-- What to produce --
Copy out the entire listing word for word.

-- Information supplied --
·····
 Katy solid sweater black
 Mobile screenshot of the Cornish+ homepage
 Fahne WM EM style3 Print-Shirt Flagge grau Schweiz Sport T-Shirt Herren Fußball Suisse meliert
·····
-- Solution --
 Katy solid sweater black
 Mobile screenshot of the Cornish+ homepage
 Fahne WM EM style3 Print-Shirt Flagge grau Schweiz Sport T-Shirt Herren Fußball Suisse meliert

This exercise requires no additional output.